The introduction of this prototype, available for review in a pull request against master, marks a notable advancement by re-enabling the OP_MUL and OP_DIV opcodes, which are crucial for multiplication and division operations within Bitcoin scripts. Furthermore, this enhancement supports 8-byte computations with arithmetic and comparison opcodes without introducing any new opcodes. Instead, it cleverly repurposes existing opcodes based on SigVersion, transitioning the underlying implementation type in CScriptNum from int64_t to __int128_t. This change not only broadens the supported range of values to [-2^63 +1..2^63 -1] but also preserves the behavior of the old CScriptNum, which includes variable length encoding, allowing overflow results while prohibiting computation on overflowed results.

For those unfamiliar with the current workings of CScriptNum, it's important to understand its operational constraints.
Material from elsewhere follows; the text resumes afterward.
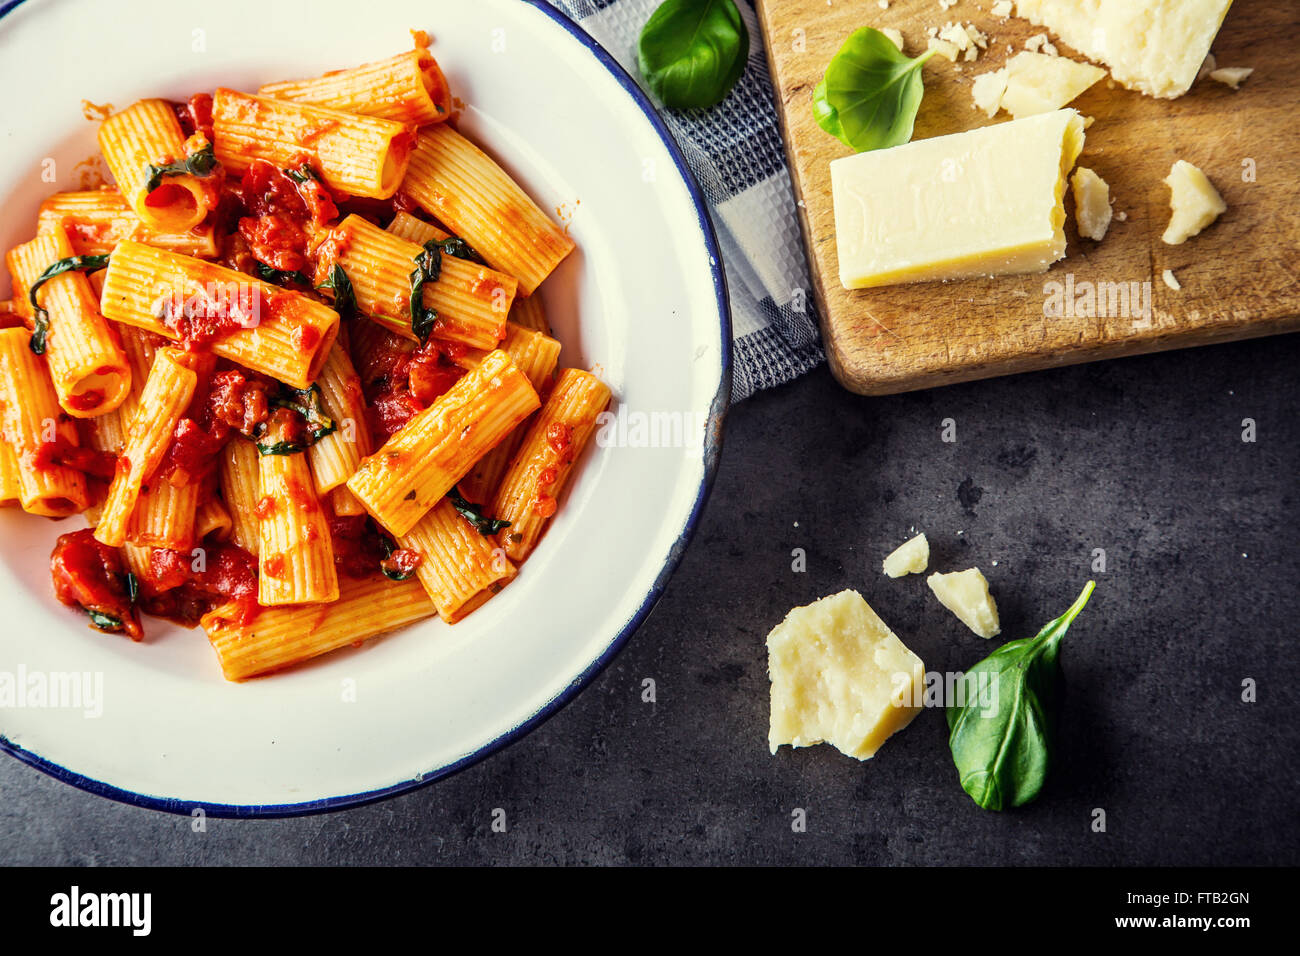 La pasta. Cucina italiana e mediterranea. Pasta Rigatoni con salsa di pomodoro foglie di basilico e aglio formaggio parmigiano. Una vecchia casa Foto Stock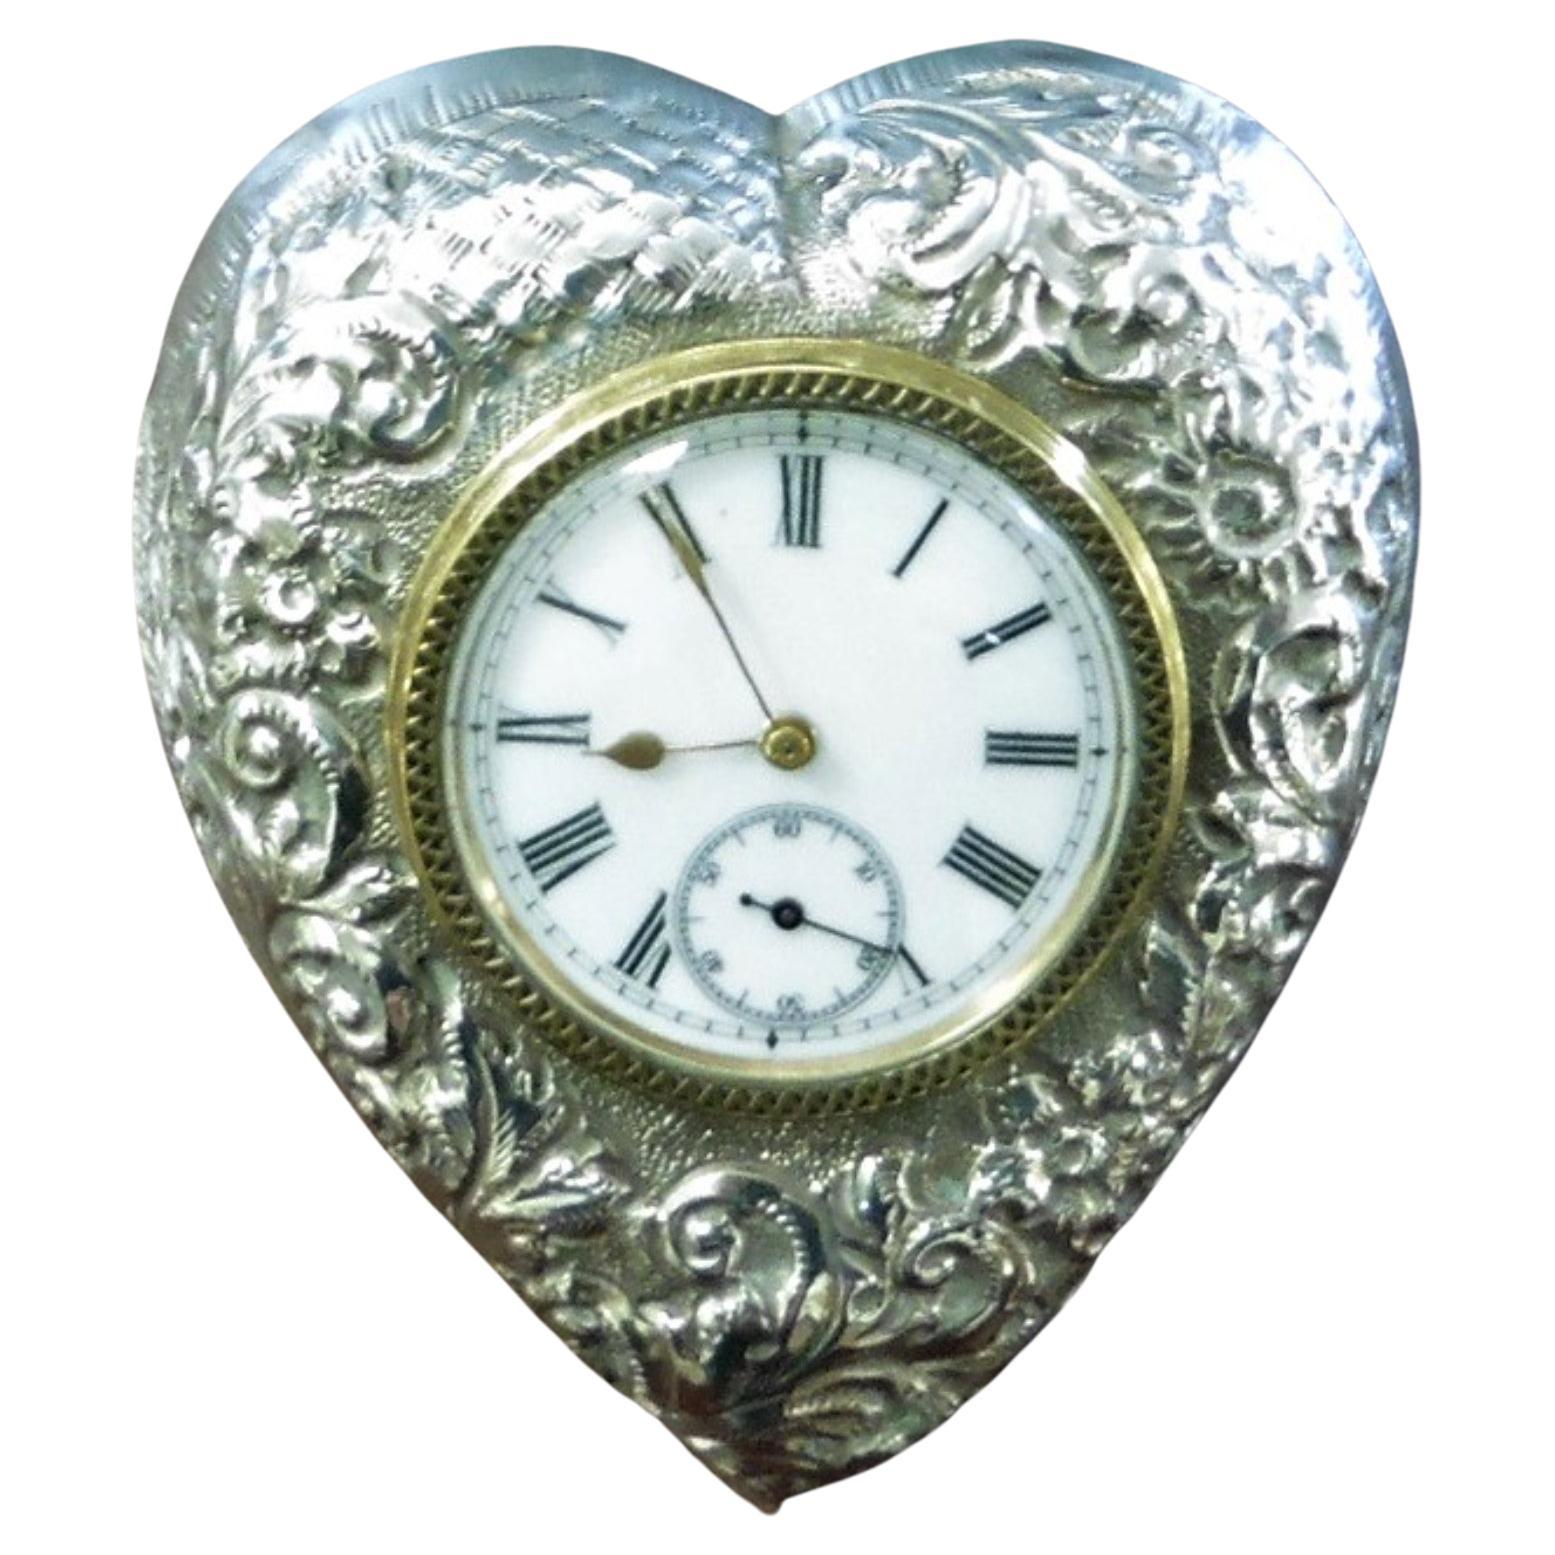 Horloge structurée victorienne en argent en forme de cœur

Previously, numeric opcodes were limited to operations on 4-byte integers, within a specific range, but allowed results to overflow as long as they weren't used in subsequent numeric operations. CScriptNum enforced these semantics by storing results as an int64 and permitting out-of-range values to be returned as a vector of bytes, although it threw an exception if arithmetic was performed or the result was interpreted as an integer. This nuanced approach ensured compatibility within the limitations of the Bitcoin scripting language.

However, the proposed changes introduce potential consensus risks, particularly concerning how CScriptNum's behavior alteration could affect interactions with older network nodes. The modification of the constructor to accept a __int128_t parameter instead of int64_t applies to all SigVersions, raising concerns about how transactions that utilize values exceeding std::numeric_limits::max() but are below std::numeric_limits<__int128_t>::max() might be processed by legacy nodes. This shift underscores the need for careful consideration of backward compatibility and consensus stability.

Additionally, the choice of __int128_t for extending value support encounters practical challenges, notably incompatibility issues on Windows platforms. Continuous Integration (CI) failures highlighted during testing reveal that __int128_t is not adequately supported on Windows, leading to compilation errors and signaling the necessity for alternative approaches to achieve the desired functionality expansion without compromising system integrity or compatibility. This challenge invites further discussion and exploration of viable solutions that can accommodate the intended enhancements to CScriptNum without introducing platform-specific obstacles.